I’ve found things that make it just a little easier to carry. I’ve found community in connecting with other parents who experienced loss (some of whom are here right now). I’ve gone to grief groups, tons of therapy (finally found a good one), I’ve reconnected with dance, I’ve tried acupuncture and massage because grief takes a real toll on the body physically, I’ve spent more hours than I can count walking in the woods with tears streaming down my face. I’ve written about my trauma, my memories, my connection. I’ve made photo albums, written a rhyming children’s book about the Adventures of Carter and Lia. I shared articles with my family to guide them and help them understand that I don’t need them to fix this (they can’t) but I need them to acknowledge my pain and remember my daughter with me. I needed to tell my story over and over and over again until my brain could believe that it was real. I was fortunate to have people in my life who could sit and listen to the horrific details without flinching and awkwardly shying away. My friends and family surrounded me like a herd of elephants does after a mother loses her baby elephant, using their physical presence as support and never pushing the mom to move away from her baby until she’s ready.

Now when I see an outfit that was Lia’s or a toy that she once played with I think of Lia and I feel the tight pain in my chest but I feel something else too - I feel connected to her. I’ve found ways to light candles and visit her tree that feel meaningful. I am living my life. A different one than I ever imagined but I am living it with love.

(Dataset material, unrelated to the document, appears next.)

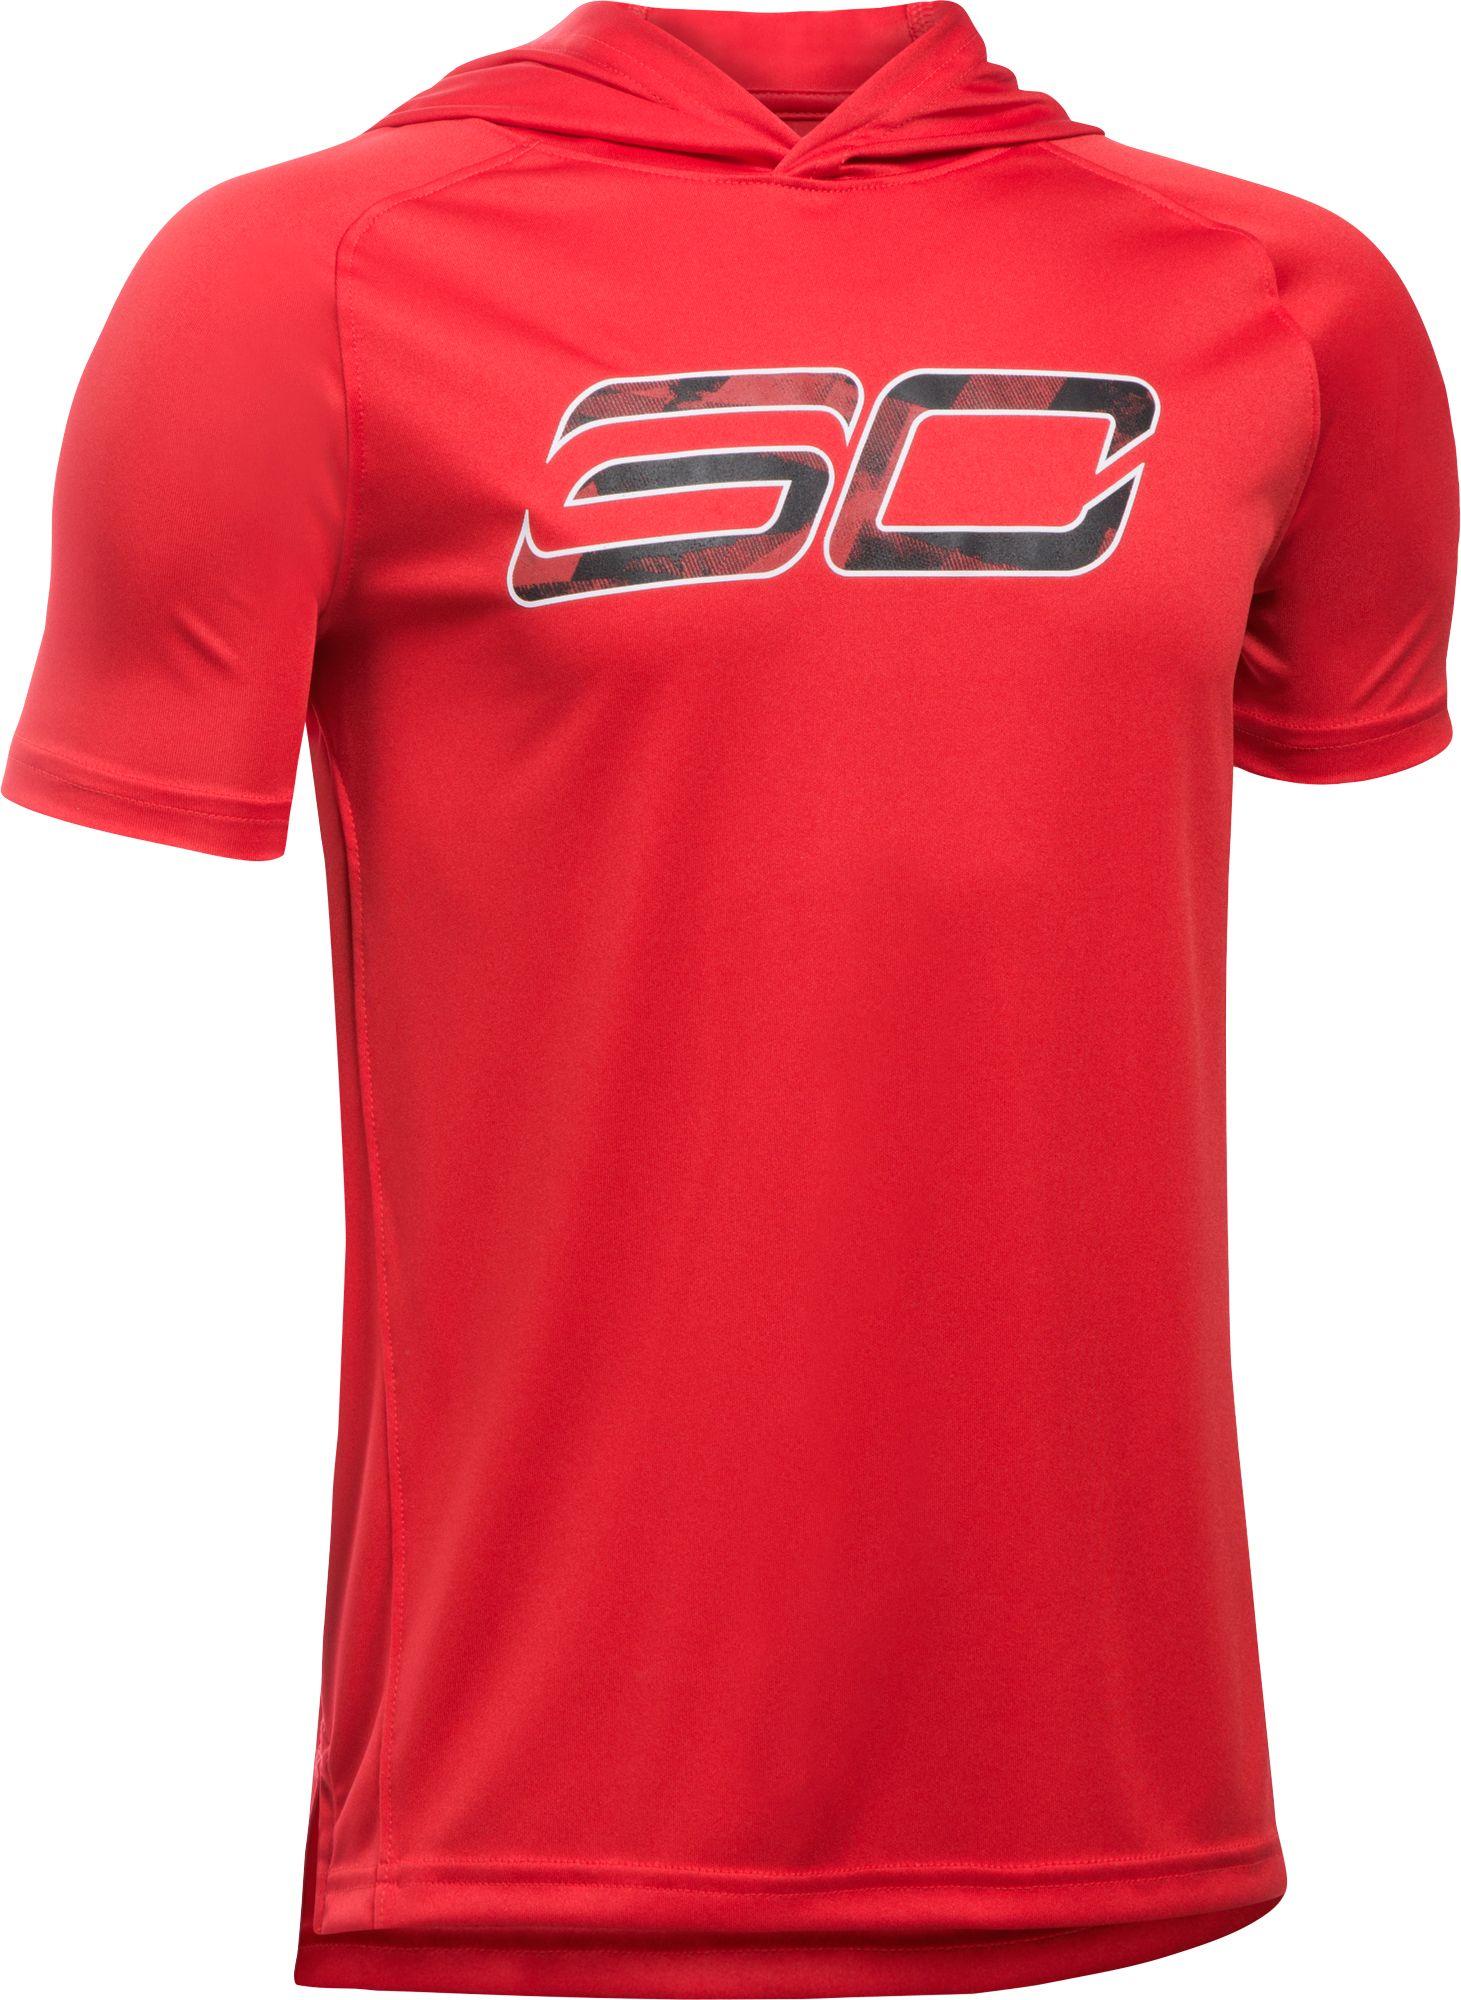 Under Armour Boys' SC30 Essentials Short Sleeve Hoodie | DICK'S ...
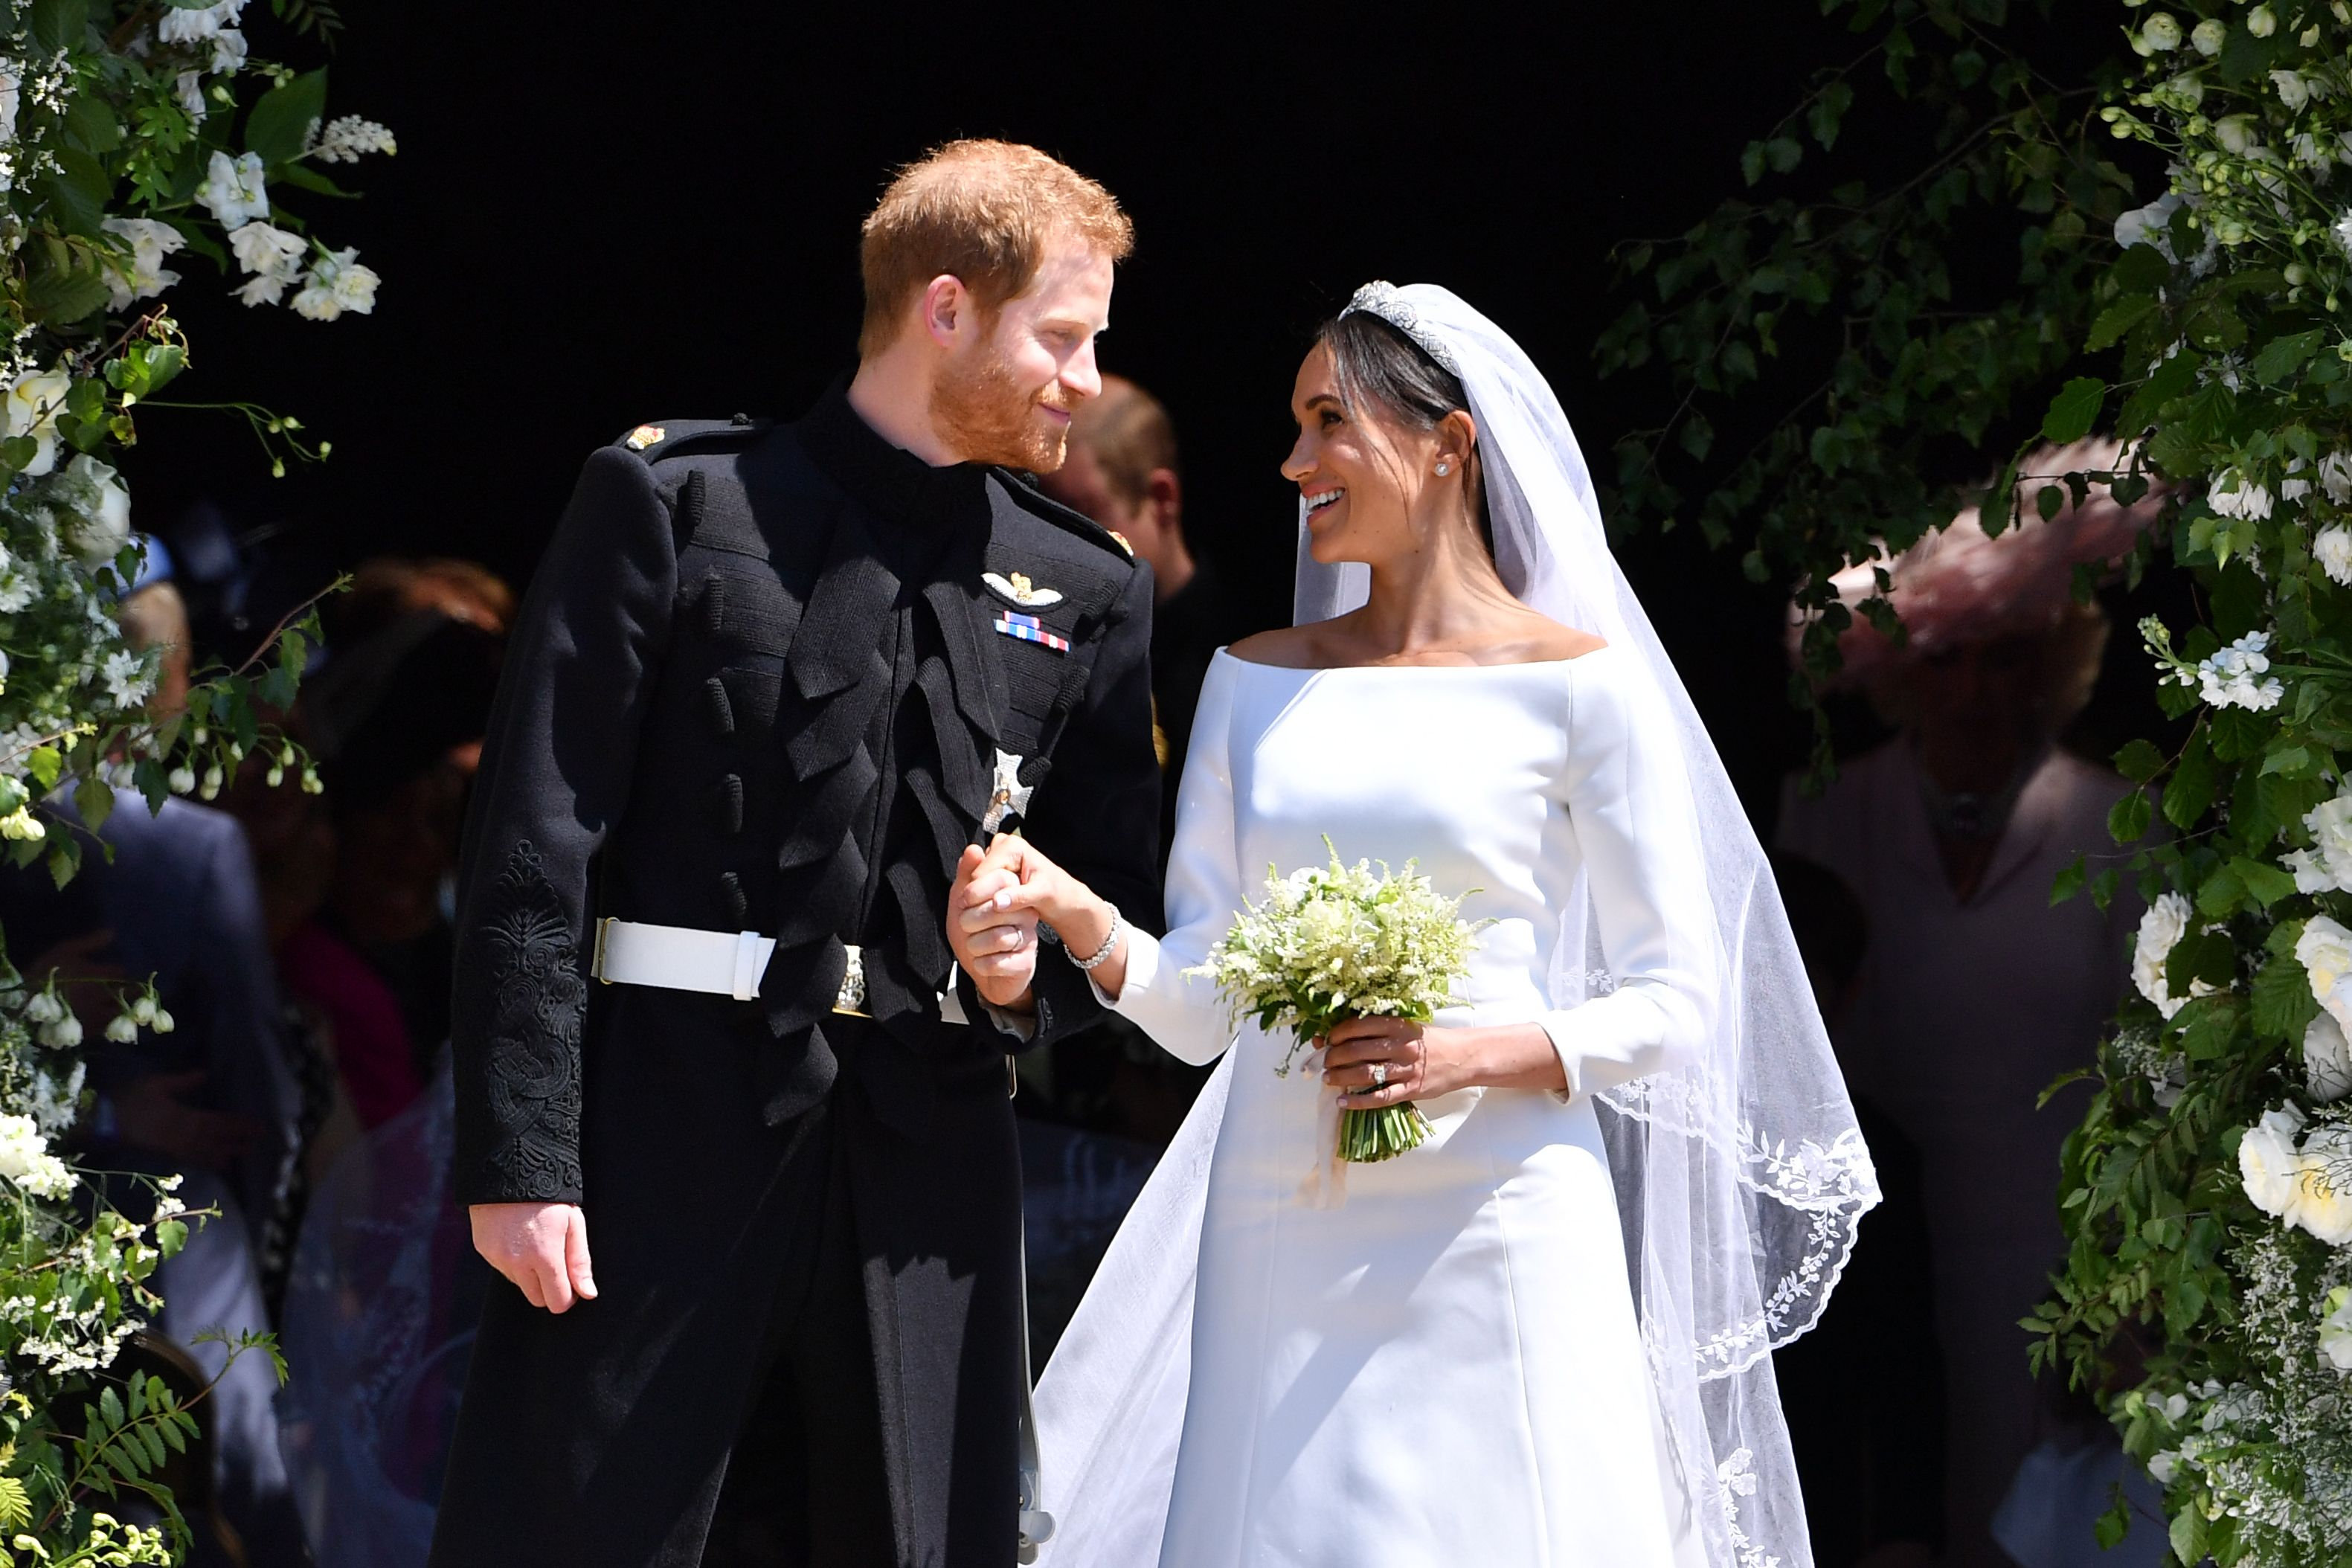 Meghan Markle and Prince Harry Were Secretly Married Pre-Royal Wedding

I’m able to be truly joyful with my son Carter and my daughter Cora who was born 2 years after her sister died. And in the most joyful of moments, that’s when I feel Lia’s presence the strongest - I feel her with us. I imagine what it would be like if she were still with us.

What people often don’t understand is that we didn’t just lose our children in the past, we lost the entire future we should have had with them. So often I wonder what Lia would have been like now as a 3 year old - running around playing with her brother, doting on her little sister. Making our family whole in a way it never will be. It’s the job of a parent to protect our children, now we protect their memories.

I learned, that as a mother, we keep part of our child in our hearts forever - I don’t mean that metaphorically, I mean it literally - some of an unborn baby’s DNA circulates into the mother’s bloodstream while she’s pregnant. Most of the DNA leaves after the baby is born but some cells remain forever in the chambers of our hearts. So each of my 3 children is with me always.

I love that I got to talk about Lia and share her with all of you today. I want to thank you for listening and I want to thank the Massachusetts Center for Unexpected Infant & Child Death for hosting this beautiful event. I walk for my daughter and for all of your children, maybe they’re hanging out together somewhere laughing that we’ve all come together too.